Publié le : 30/08/2018 14:49:18
Catégories : Dossier spécial


Pour obtenir la «tablette de chocolat » dont vous rêvez, il faut prendre les choses dans l’ordre, et s’en tenir à certaines règles, qui, si elles ne sont pas compliquées, demandent un peu de volonté et d’organisation. Il s’agit d’un effort, certes, mais avec un objectif clair au bout : celui d’éliminer la graisse qui masque vos abdos. La nutrition, l’entraînement et la supplémentation ont chacun leur part : en coordonnant vos actions, vous progresserez très rapidement. Voyons donc quels sont les points essentiels à respecter pour une phase de sèche réussie.

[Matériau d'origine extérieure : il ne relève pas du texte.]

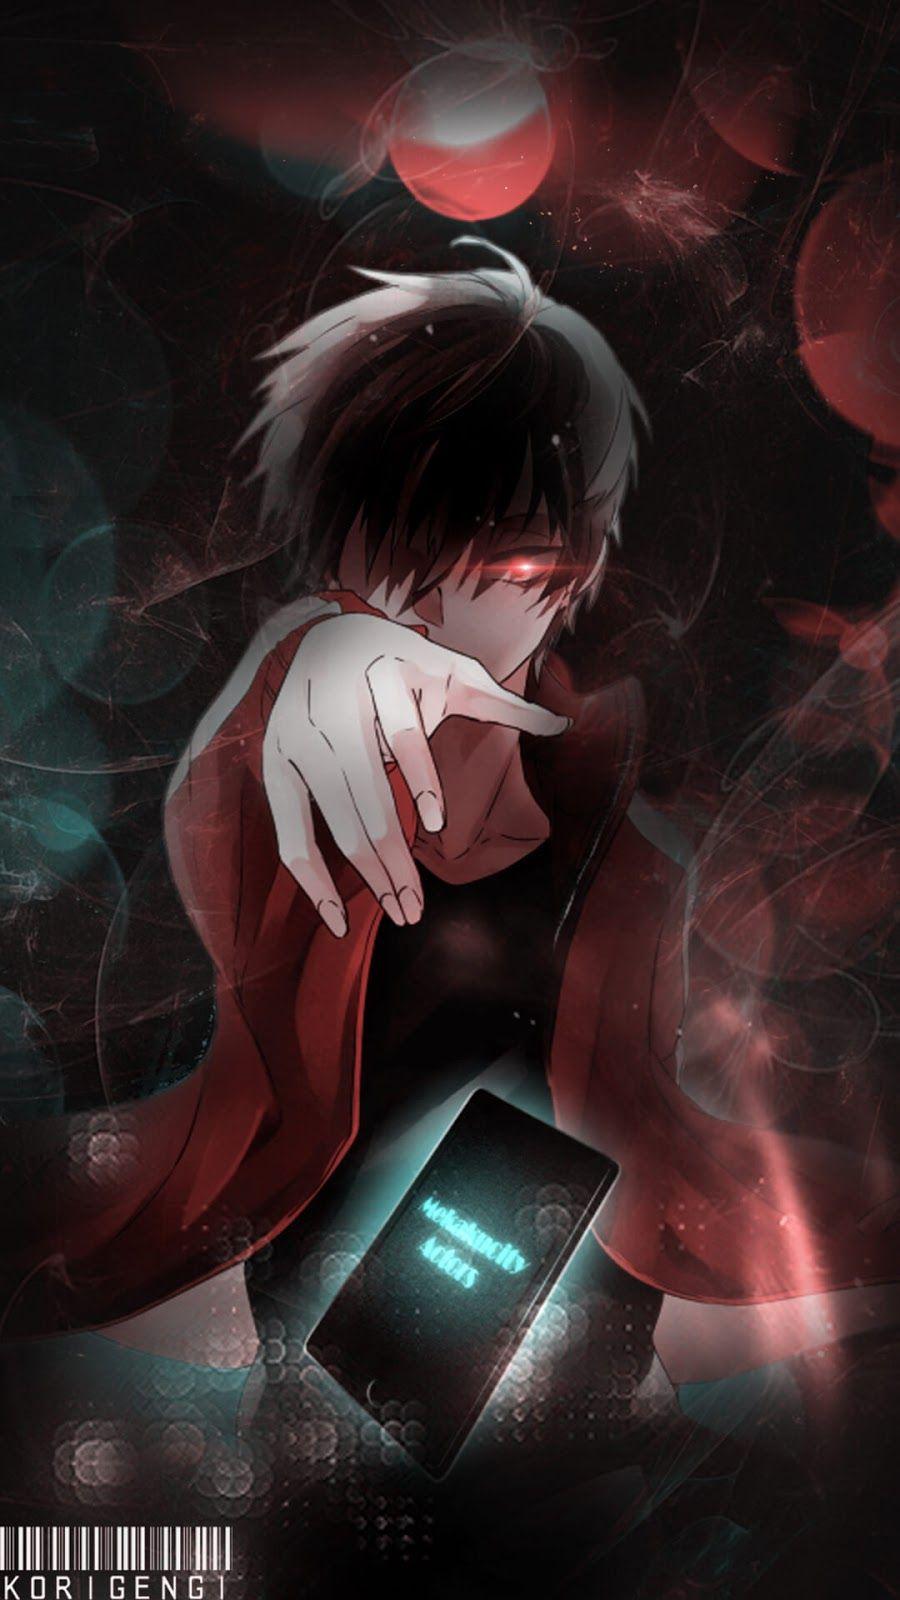 Cool Black Anime Boy Wallpaper

Modifier l’équilibre calorique

Éliminer de la graisse est le résultat d’une arithmétique excessivement simple. Soit vous consommez plus de calories que vous n’en dépensez : dans ce cas, les tissus adipeux s’accumulent. Soit vous en utilisez plus que vous n’en absorbez : c’est alors votre taux de graisse qui diminue, car l’organisme compense en puisant dans ses réserves. C’est basique, mais il s’agit de la règle n°1 à ne jamais oublier. A partir de là, on voit très vite les implications : pour sécher le plus efficacement possible, il faut essayer de contrôler son apport calorique.

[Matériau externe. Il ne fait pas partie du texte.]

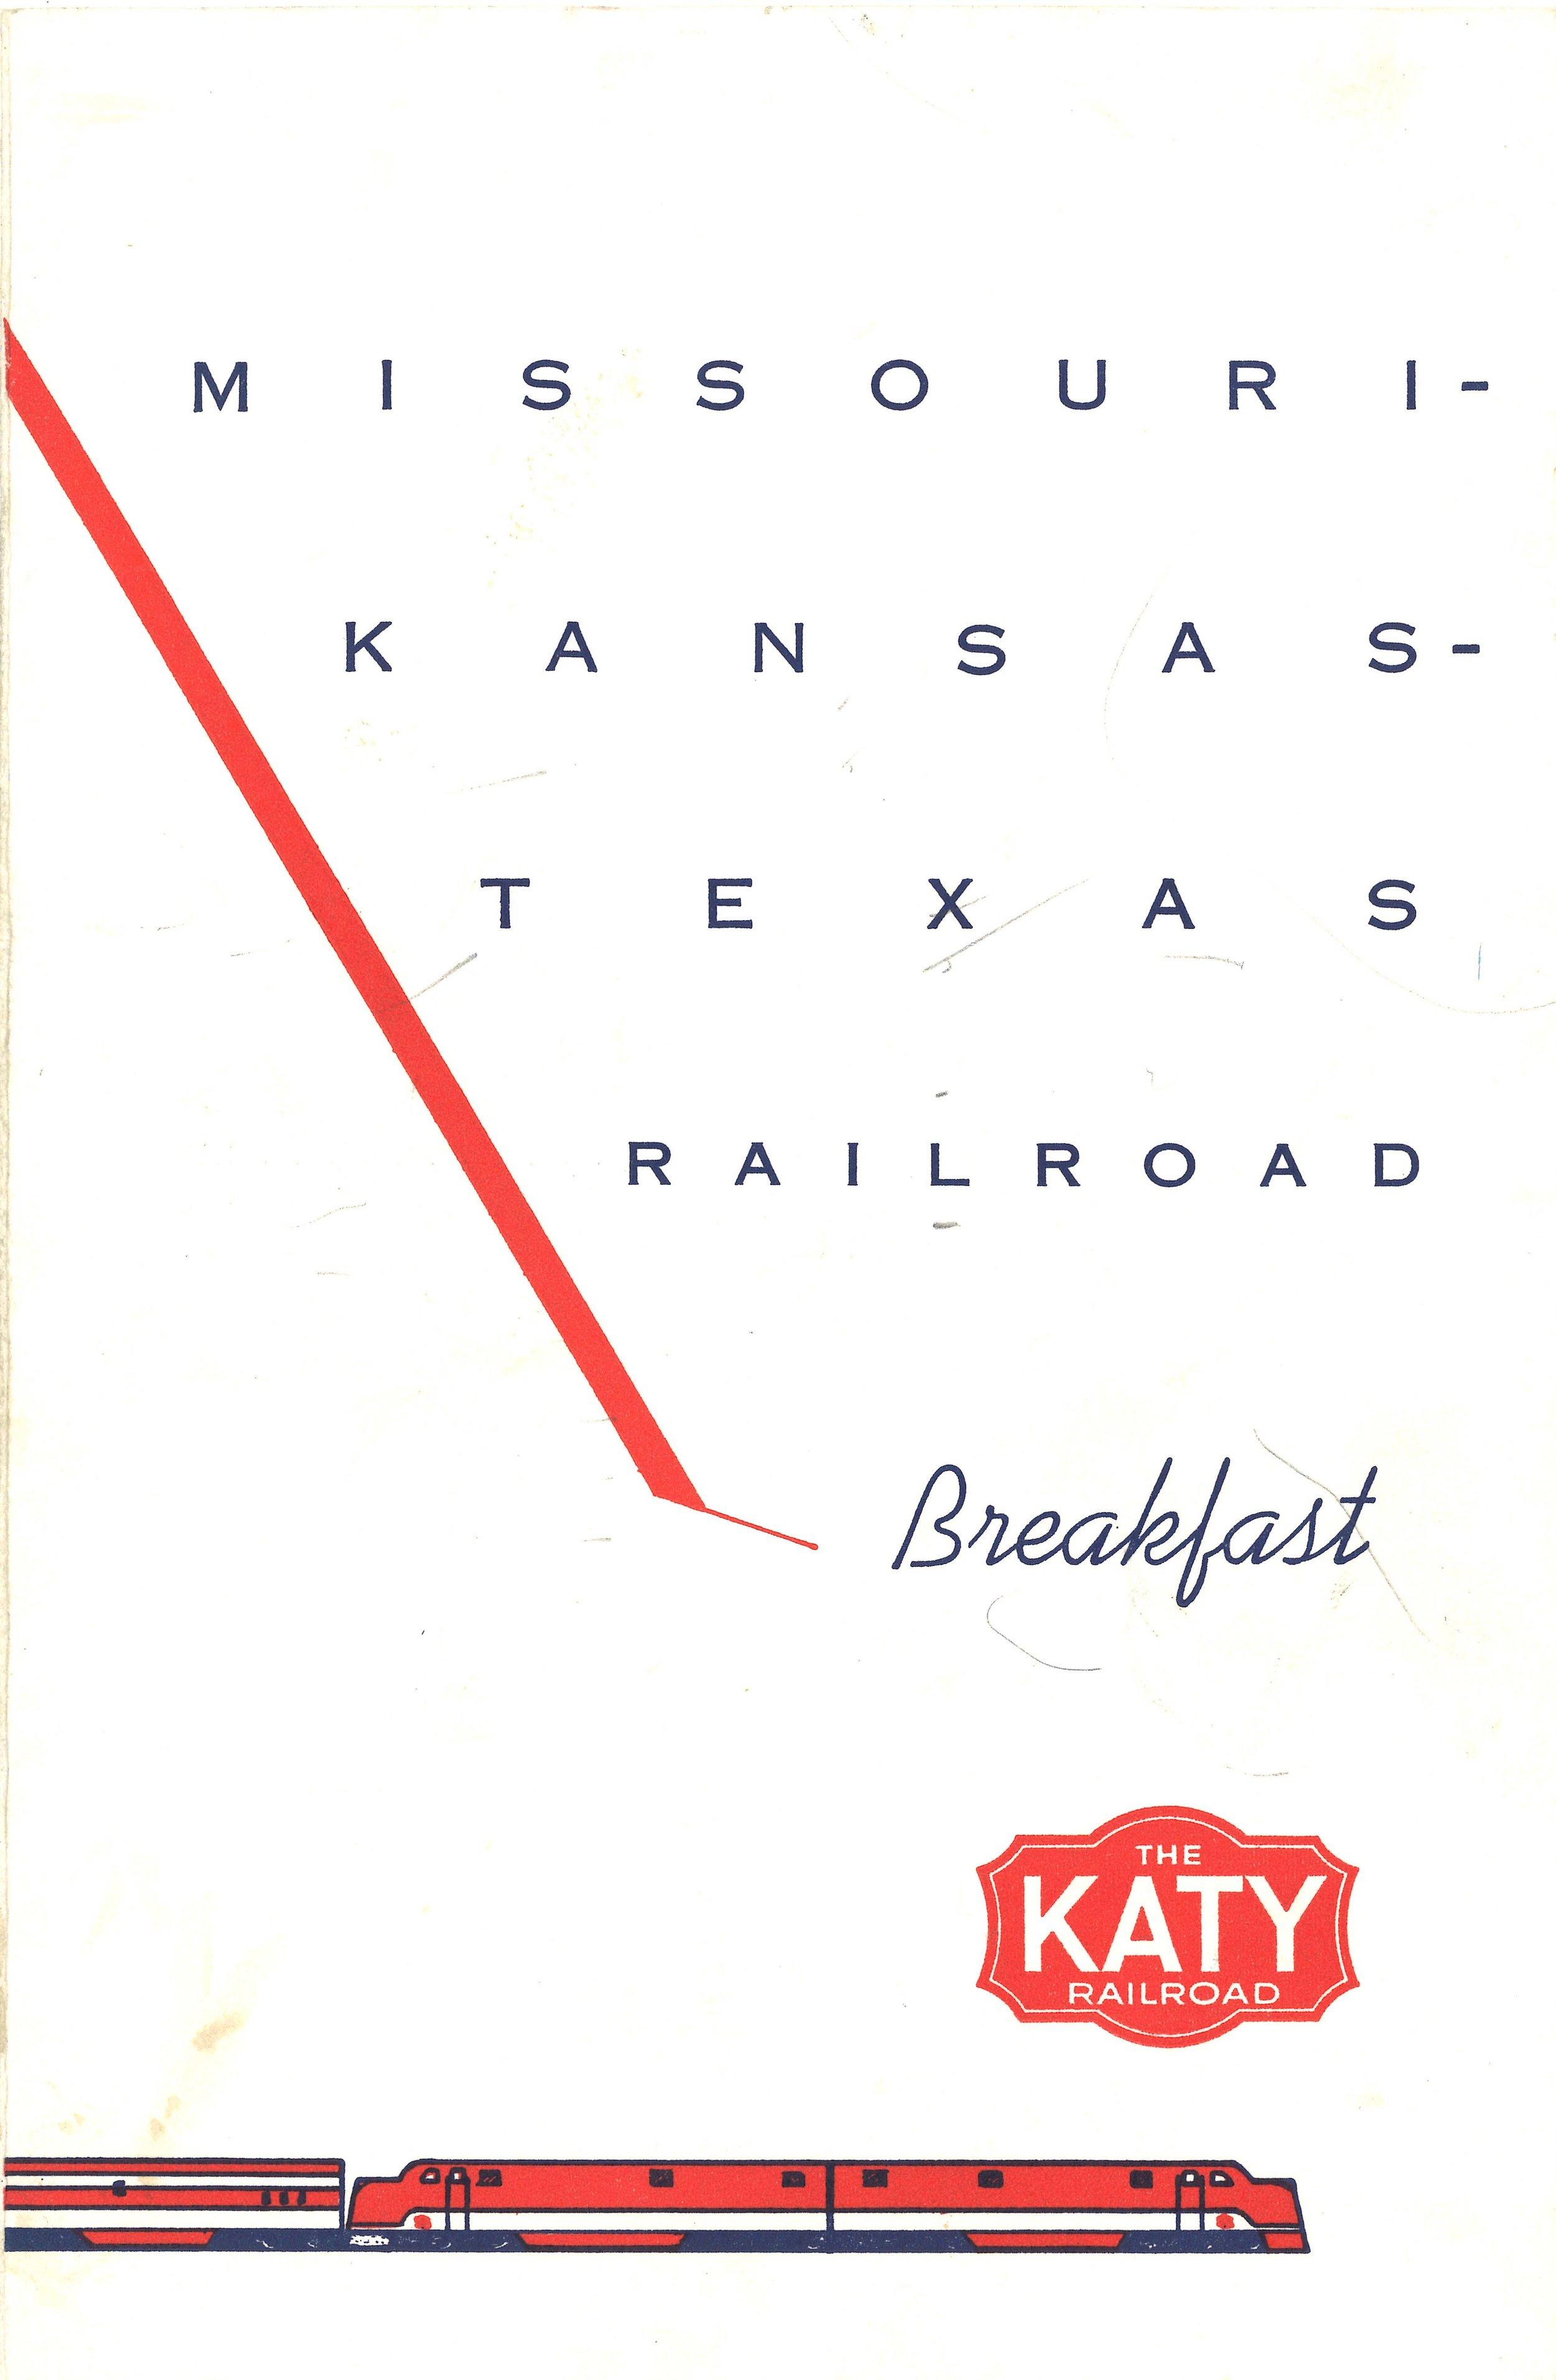 MKT Railroad Katy Railroad Breakfast Menu_sm1.jpg

Afin d’y parvenir, il faut en priorité réduire les lipides sans pour autant les supprimer totalement, car ils ont un rôle important à jouer, même s’ils ne contribuent pas directement à l’apport énergétique (comme les glucides) ou à la construction musculaire (comme la protéine). Essayez donc de limiter les acides gras trans et les graisses saturées (produits laitiers entiers, beurre, plats préparés, aliments frits, etc), qui sont mauvais pour la santé, et de privilégier les lipides mono- et poly-insaturés (olive, huile d’olive, fruits à coque, poissons, etc). Ces derniers favorisent l’élimination des tissus adipeux et participent à la préservation de la masse musculaire tout en favorisant le sentiment de bien-être.

 

Profiter du potentiel des agents thermogènes

Lorsque l’objectif est d’accroître ses dépenses caloriques, il est naturel de penser aux agents thermogènes, qui provoquent une élévation du rythme métabolique, c’est-à-dire de la vitesse à laquelle le corps «brûle» les calories. Concrètement, lorsque vous employez ces actifs, votre organisme dépense davantage de calories que si vous n’en aviez pas pris : vous brûlez plus de calories, même si vous restez simplement assis sur votre fauteuil (mais cela ne veut pas dire que cette «activité» soit suffisante, naturellement !). C’est pourquoi ils sont à la base de tous les suppléments destinés à faciliter la perte de graisse.

 

Prendre en compte l’influence des hormones

Les hormones ont une part importante dans les mécanismes de stockage adipeux. Tandis que certaines le favorisent, d’autres peuvent le ralentir. Si l’on parvient à réduire celles qui y contribuent (c’est notamment le cas de l’insuline), on peut obtenir une élimination significative des tissus graisseux. Le meilleur moyen en la matière consiste à maîtriser sa consommation de glucides. Il faut en particulier éviter les pics d’insuline générés par la consommation des sucres à assimilation rapide et qui favorisent le stockage adipeux.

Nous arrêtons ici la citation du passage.